Le Conseil de stabilité financière (FSB) appelle à une surveillance accrue du marché du crédit privé de près de 2 000 milliards de dollars, signalant des risques potentiels pour le système financier mondial au moment même où un recours collectif concrétise ces inquiétudes.
« C'est exactement le genre de risque fantôme qui inquiète le FSB », a déclaré Michael Hayes, responsable de la stratégie obligataire chez Arbor Research. « L'opacité du marché privé permet aux valorisations de s'écarter de la réalité, et la correction peut être soudaine et sévère lorsque la vérité éclate. »
Ces risques sont devenus tangibles pour les investisseurs de FS KKR Capital Corp. (NYSE : FSK), une importante société de développement commercial (BDC). Une plainte déposée en mai allègue que la firme a surestimé la santé de son portefeuille, entraînant une baisse de 6,2 % de la valeur liquidative (NAV) par action en un trimestre et une réduction subséquente du dividende, passé de 0,70 $ à 0,48 $. L'action de la société a chuté de 8,20 % et 15,24 % après deux publications distinctes.
L'épisode met en lumière les enjeux de ce marché du crédit privé en plein essor, devenu une source de financement critique pour les entreprises alors que les banques réduisent leurs prêts. L'avertissement du FSB, publié le 6 mai, pointe du doigt les structures complexes et opaques du secteur et le risque de contagion au système bancaire et aux marchés publics plus larges, signalant qu'un tour de vis réglementaire pourrait être imminent.
L'histoire de deux publications
Le recours collectif, déposé au nom des investisseurs ayant acheté des actions FSK entre mai 2024 et février 2026, affirme que la société a dépeint un tableau positif trompeur pendant cinq trimestres consécutifs. Citant des documents de la SEC et des communiqués de presse, la plainte allègue que FS KKR a mis l'accent sur la « stabilité du portefeuille » et des « distributions attrayantes » alors que les problèmes de crédit hérités du passé étaient censés être en cours de résolution.
Ce récit a commencé à s'effondrer le 6 août 2025. La société a rapporté que sa valeur liquidative par action avait chuté de 6,2 % à 21,93 $, que la juste valeur de ses investissements avait diminué de 474 millions de dollars et que les prêts non productifs — des prêts ne générant pas de revenus — étaient montés à 5,3 % au coût amorti. La direction a attribué ces problèmes à des difficultés dans quatre sociétés du portefeuille, dont Production Resource Group et 48forty.

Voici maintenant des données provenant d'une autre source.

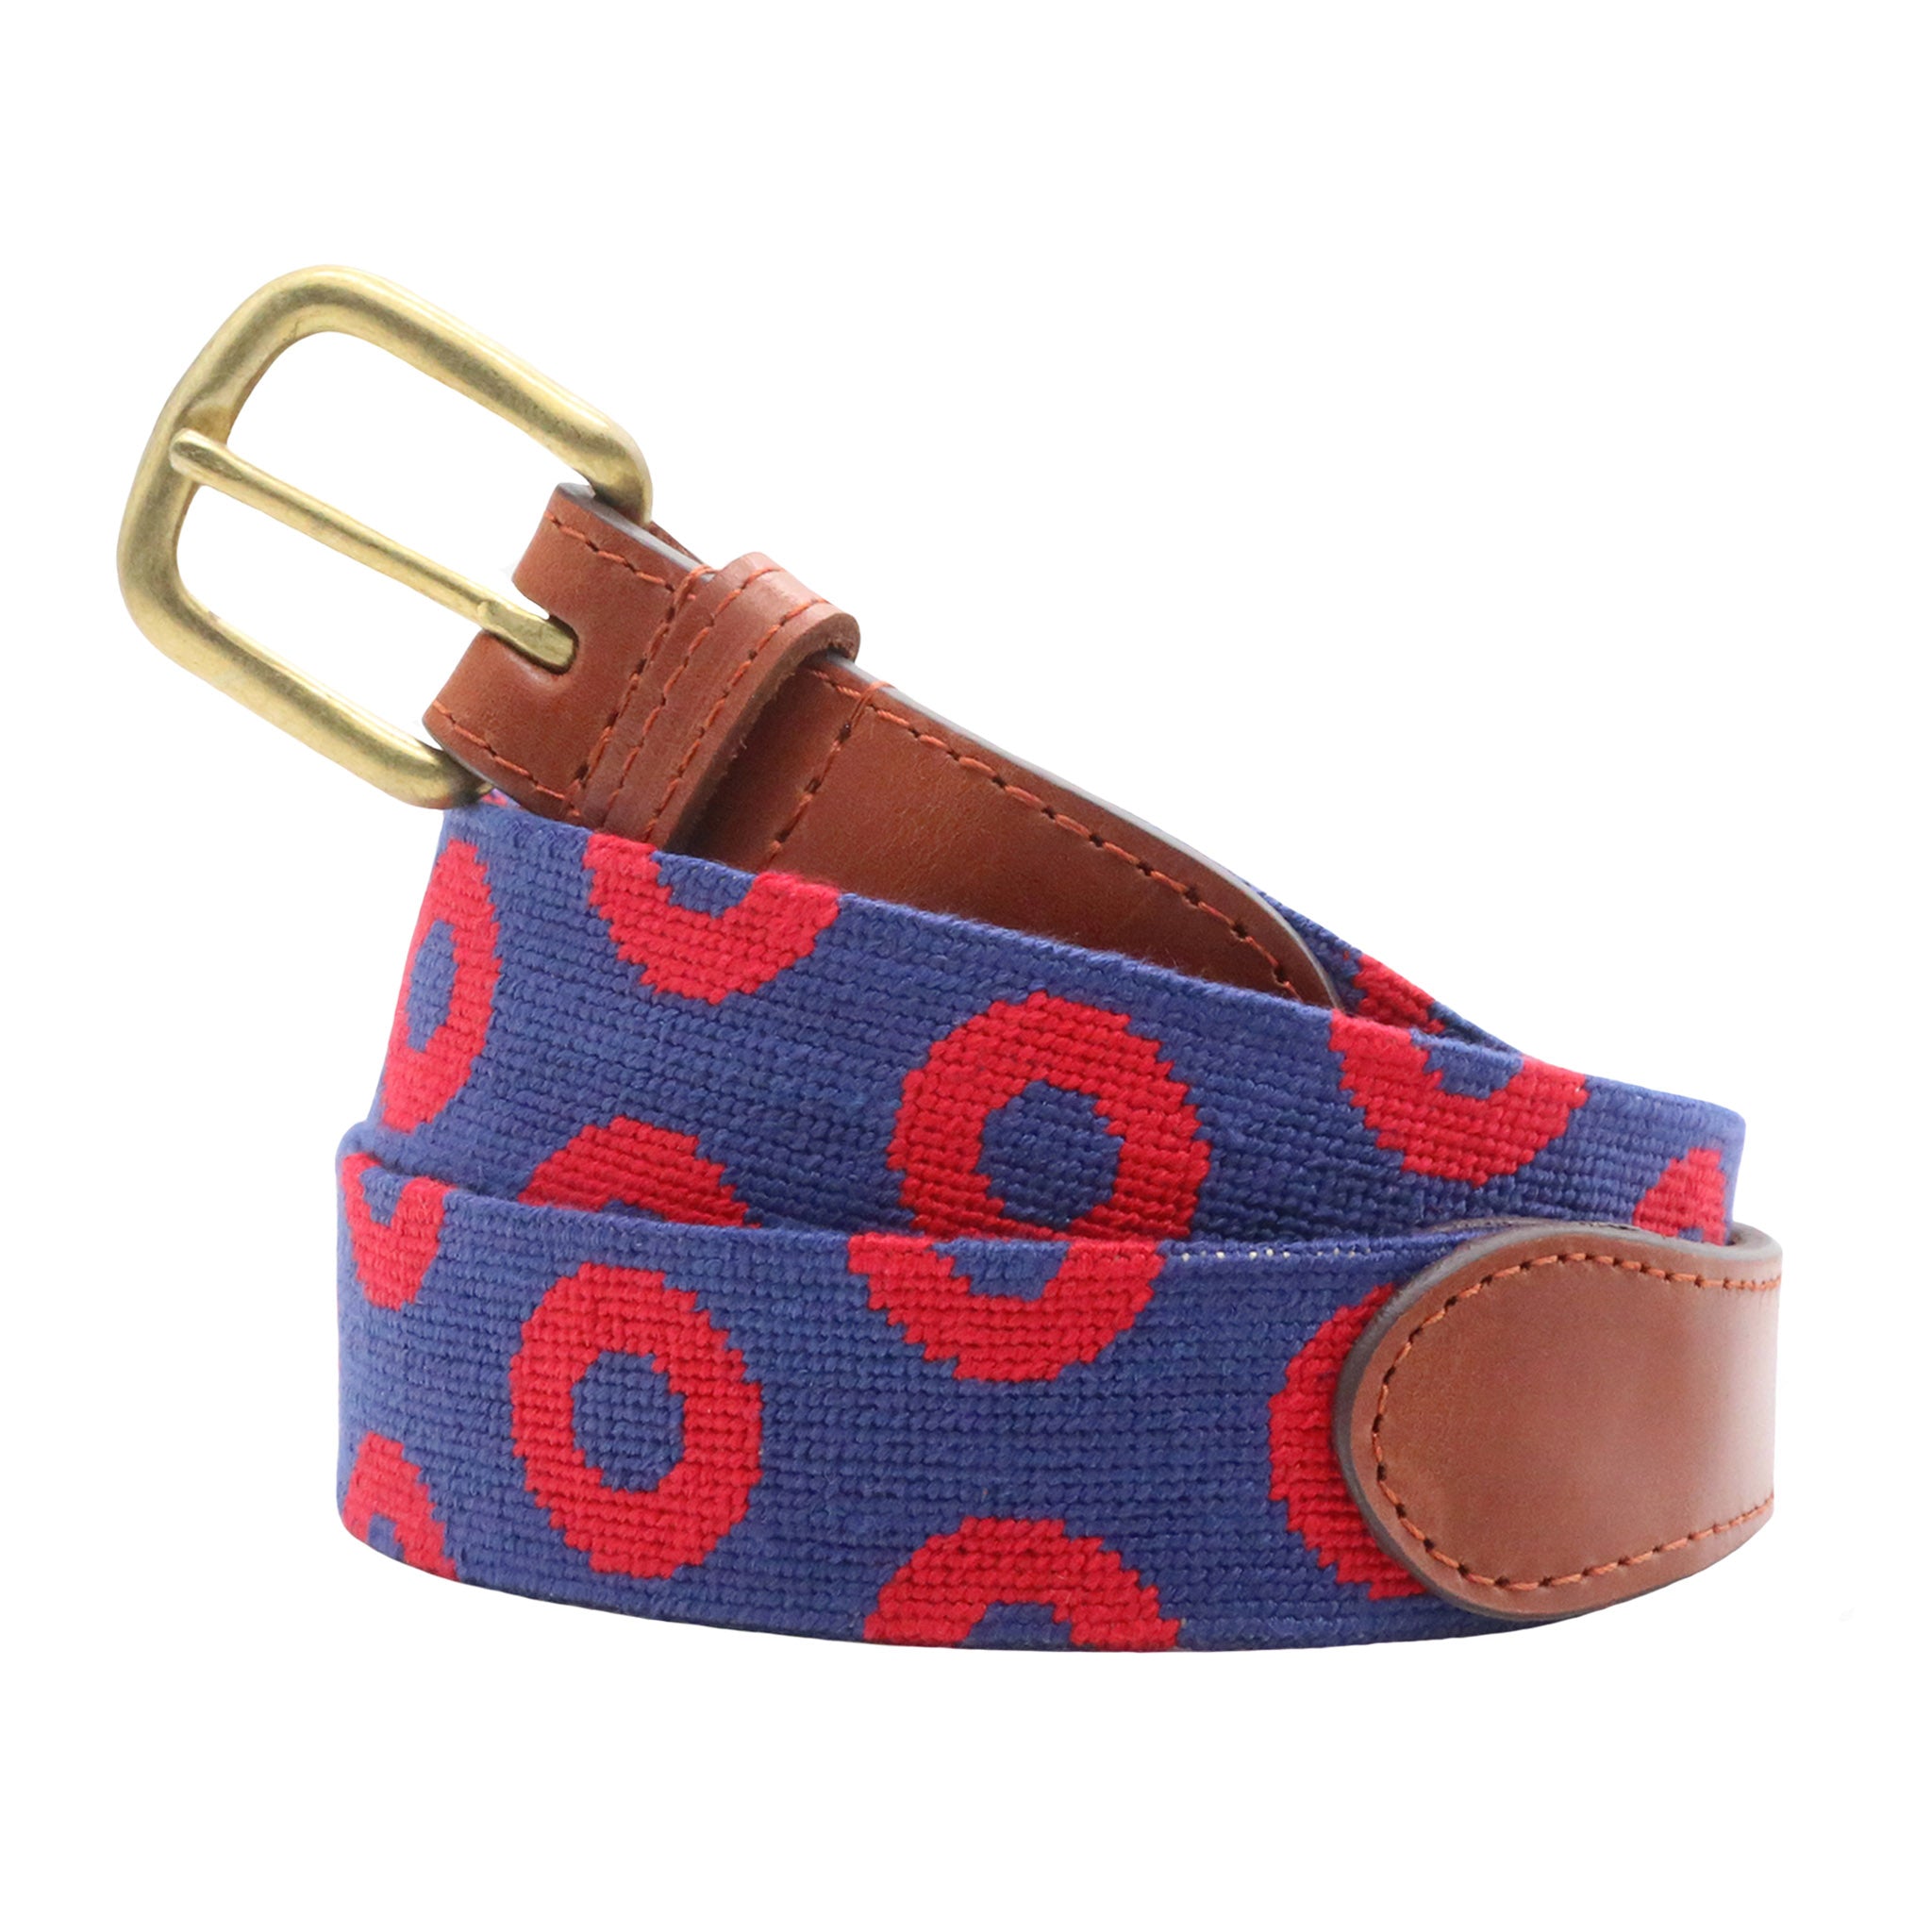 The Donut Pattern - – Navy Donuts) (Classic Red & Branson Smathers Belt

Le deuxième coup de massue est tombé le 25 février 2026. Les résultats annuels ont montré que la NAV avait encore baissé à 20,89 $, avec une autre chute de 406 millions de dollars de la juste valeur. Les prêts non productifs ont grimpé à 5,5 % au coût amorti, incitant le conseil d'administration à sabrer le dividende trimestriel de plus de 30 % à 0,48 $ par action. L'action a clôturé à 11,29 $ le lendemain, soit une baisse de 15,24 %.
De la théorie à la réalité
Les allégations contre FS KKR servent d'étude de cas pour les risques soulignés par le FSB. Le rapport de l'organisme de surveillance mondial avertit que la croissance rapide du crédit privé, souvent accordé à des emprunteurs plus risqués, s'est produite largement hors de la vue des régulateurs prudentiels. Le manque de données transparentes rend difficile l'évaluation de l'accumulation de l'effet de levier et du risque de crédit dans l'ensemble du système.
La plainte affirme que FS KKR a surestimé la valeur de son portefeuille et l'efficacité de ses efforts de restructuration pour les entreprises en difficulté. Lors de la conférence téléphonique sur les résultats de février 2026, le directeur des investissements de la société a révélé que les quatre sociétés précédemment signalées ne représentaient qu'environ la moitié des pertes, des problèmes apparaissant dans d'autres noms comme Medallia et Cubic Corp.
Pour les investisseurs et les régulateurs, cette affaire est un rappel brutal que les valorisations à la juste valeur de la dette privée illiquide peuvent changer rapidement. L'appel du FSB à une meilleure surveillance suggère que l'ère du crédit privé opérant dans l'ombre touche peut-être à sa fin, avec des conséquences potentiellement significatives pour le flux de capitaux vers les entreprises de taille moyenne et celles soutenues par des sponsors.
Cet article est fourni à titre informatif uniquement et ne constitue pas un conseil en investissement.